It could be a good thing. Gaza and the West Bank are currently neither one thing or another. Sort of a state (treated as a state signatory in the ICC panel report) and sort of not (where Hamas are treated as non-state actors in the same report). Ambiguity is never a good thing in law.
But what does it mean to recognise a state when the territory boundaries aren't clear? It's a legal definition, and international laws are generally specific about whether something is within the State's territory or not, so how would that work for areas under dispute like Jerusalem? I guess it's similar to Kashmir - although other countries don't get so involved in that.

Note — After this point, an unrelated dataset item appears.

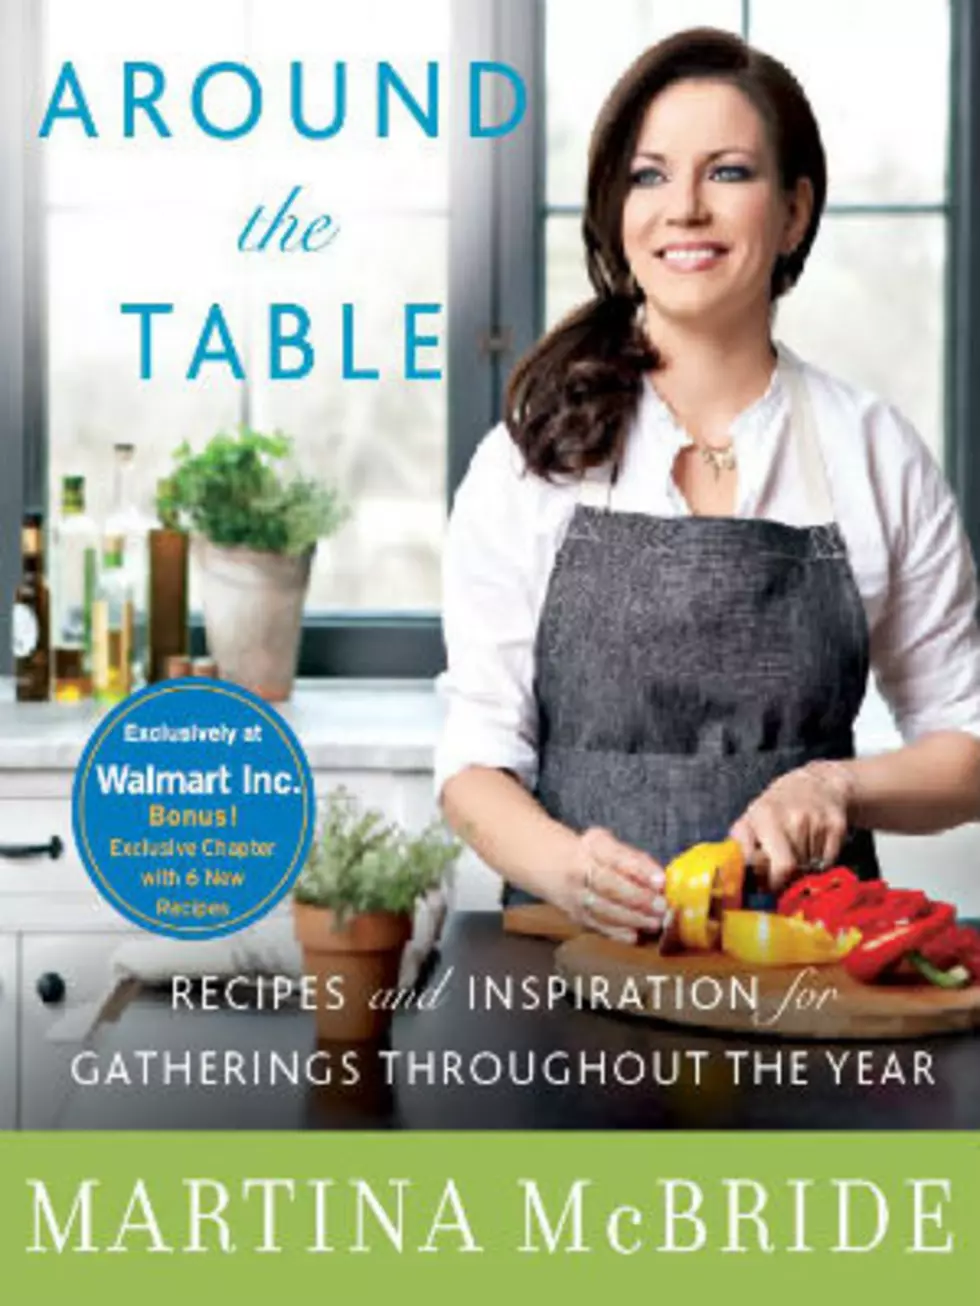 Get Martina McBride’s Zucchini-Tomato Tart Recipe and Win a Signed Copy of Her Cookbook!
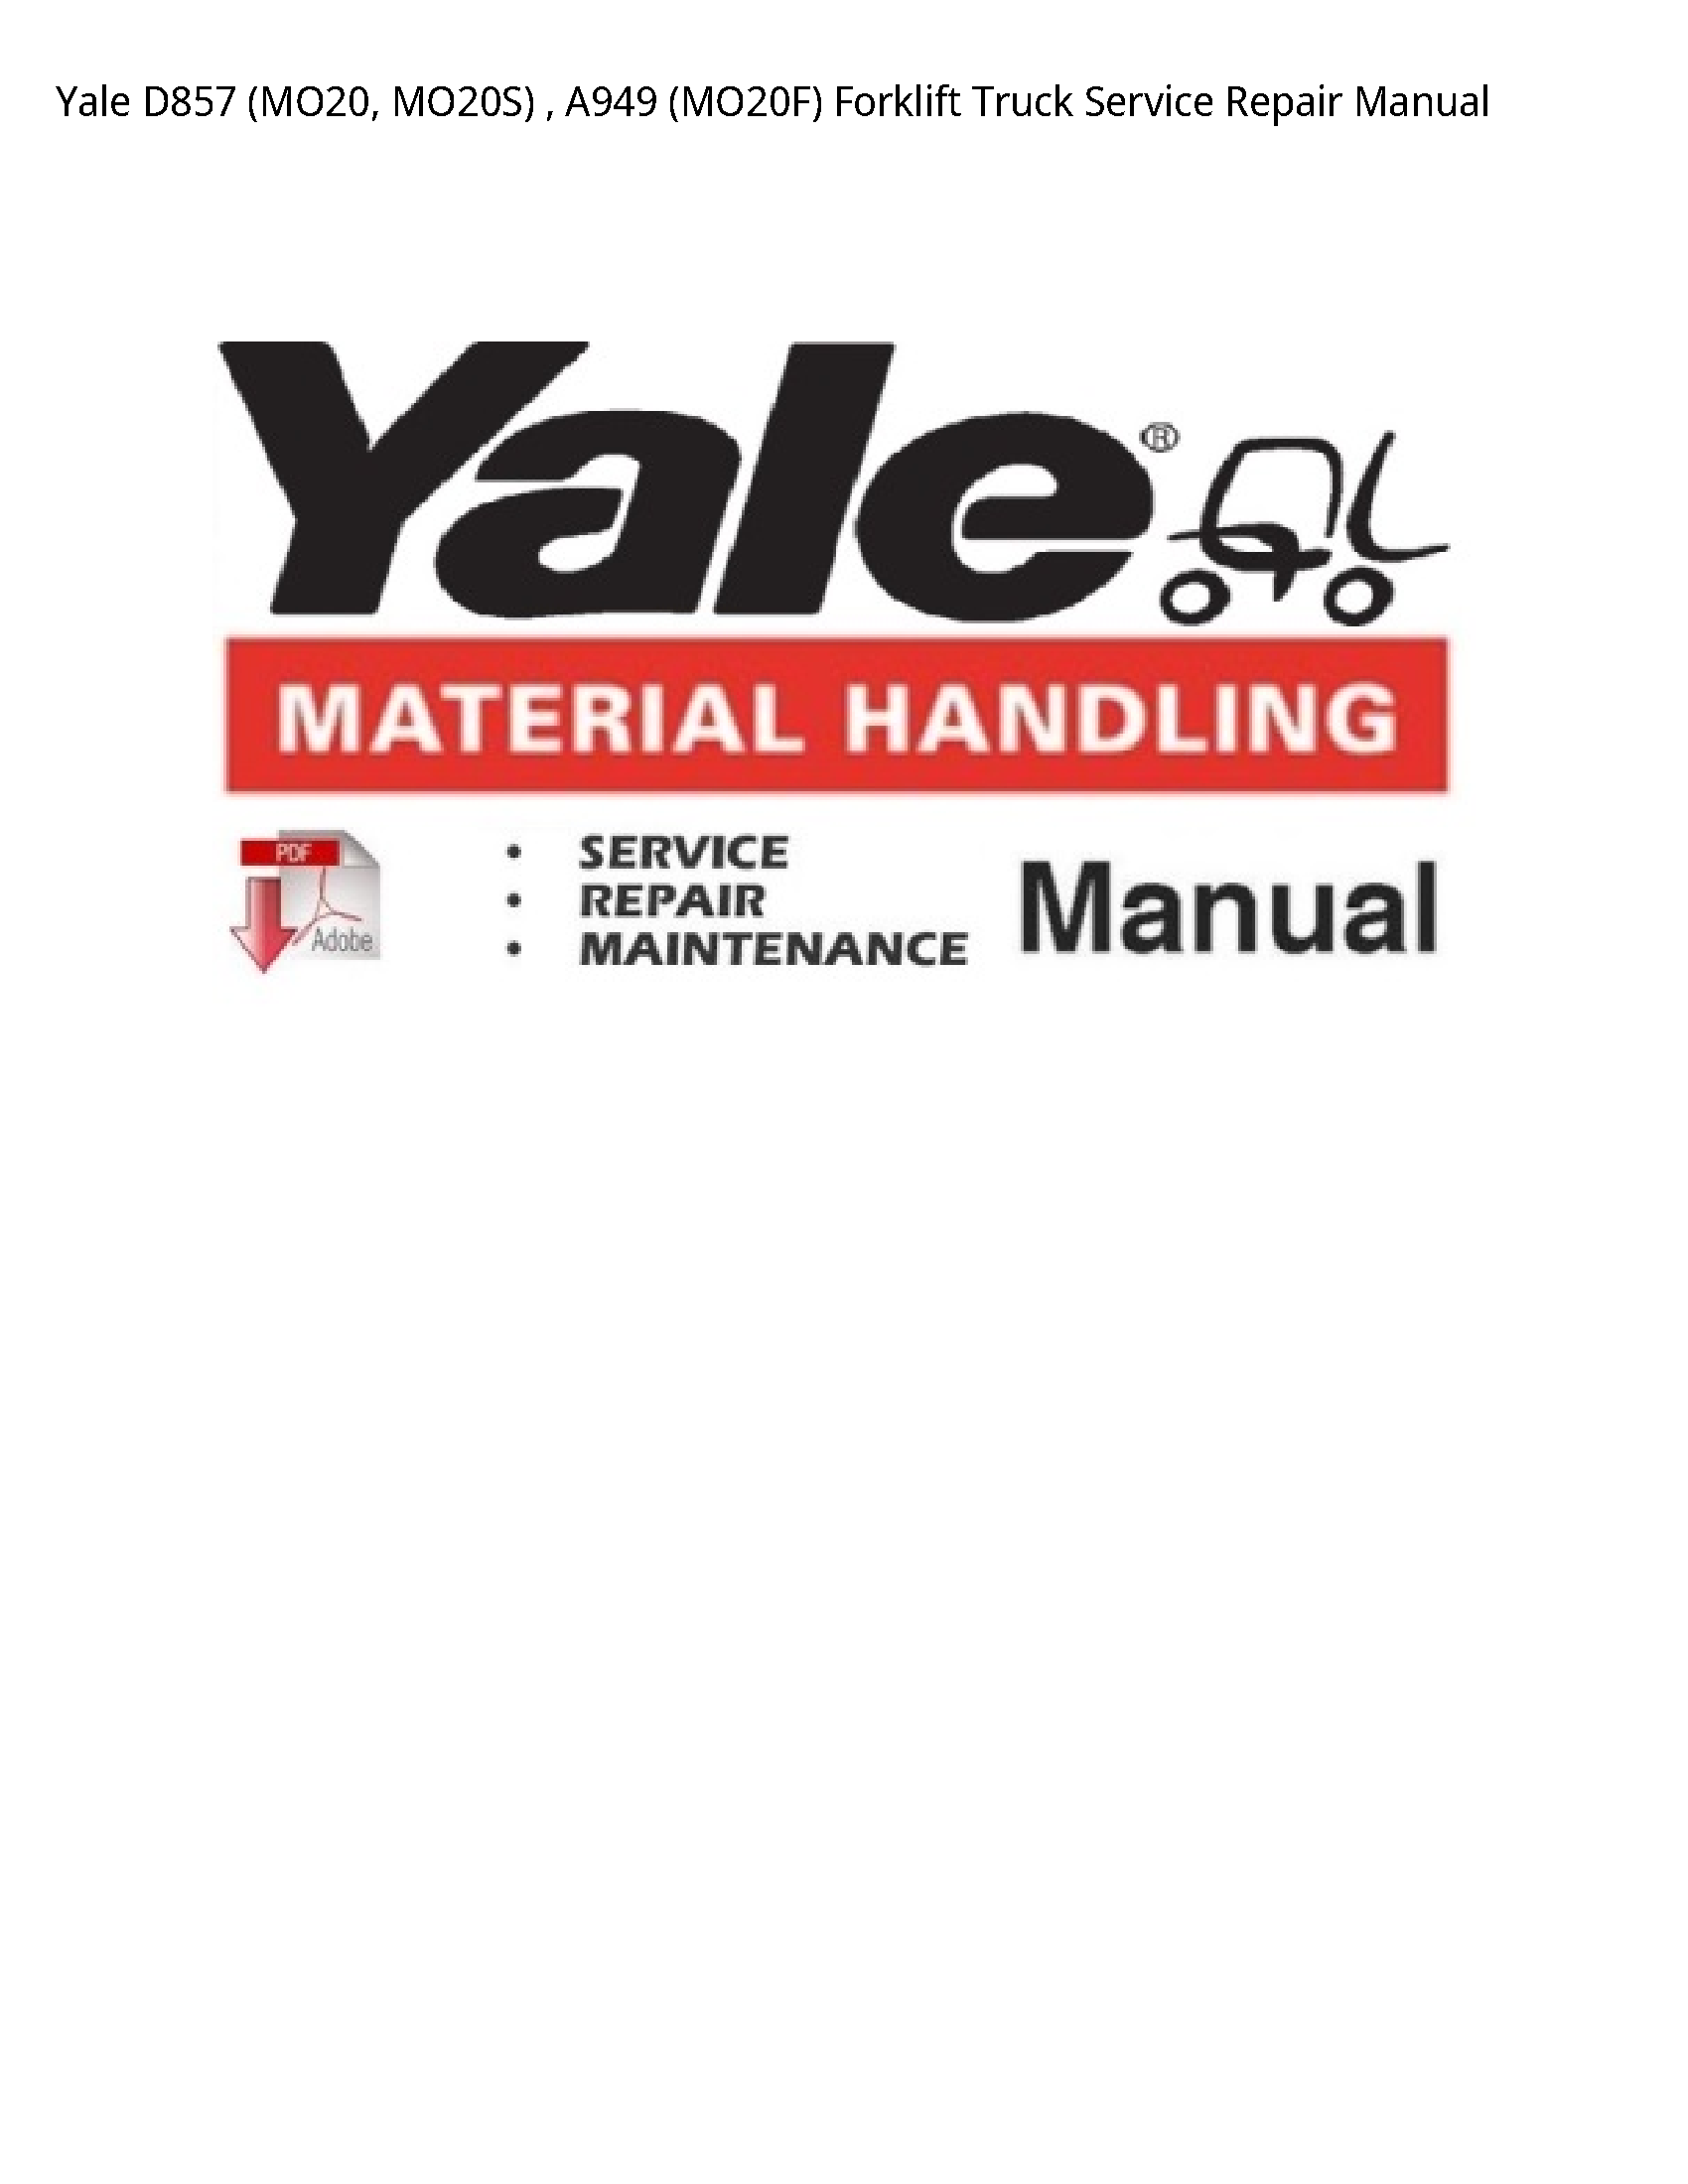 Yale D857 Forklift Truck manual

And what other actual legal consequences are there to Palestine being recognised as a state - and by who? It was interesting reading the ICC panel report (which I thought was very good and very clear) to see them differentiate between international and non-international armed conflict (and to be clear about why this is both). It doesn't seem that Palestine being a recognised state would have changed that report's conclusions.
Military retaliation against recognised states is obviously still a country's prerogative, and charging foreign nationals for laws broken within the country is normal (although Palestinians breaking the law in Gaza/West Bank should no longer be in Israel's remit until they attacked Israel. But would Israel really be willing to wait until then, after October 7th?).
One downside is the loss of the incentive for Palestinians to engage in peace negotiations. But that isn't going too well anyway.
In the end, everything both sides want is still to be negotiated, and doesn't really come down to statehood.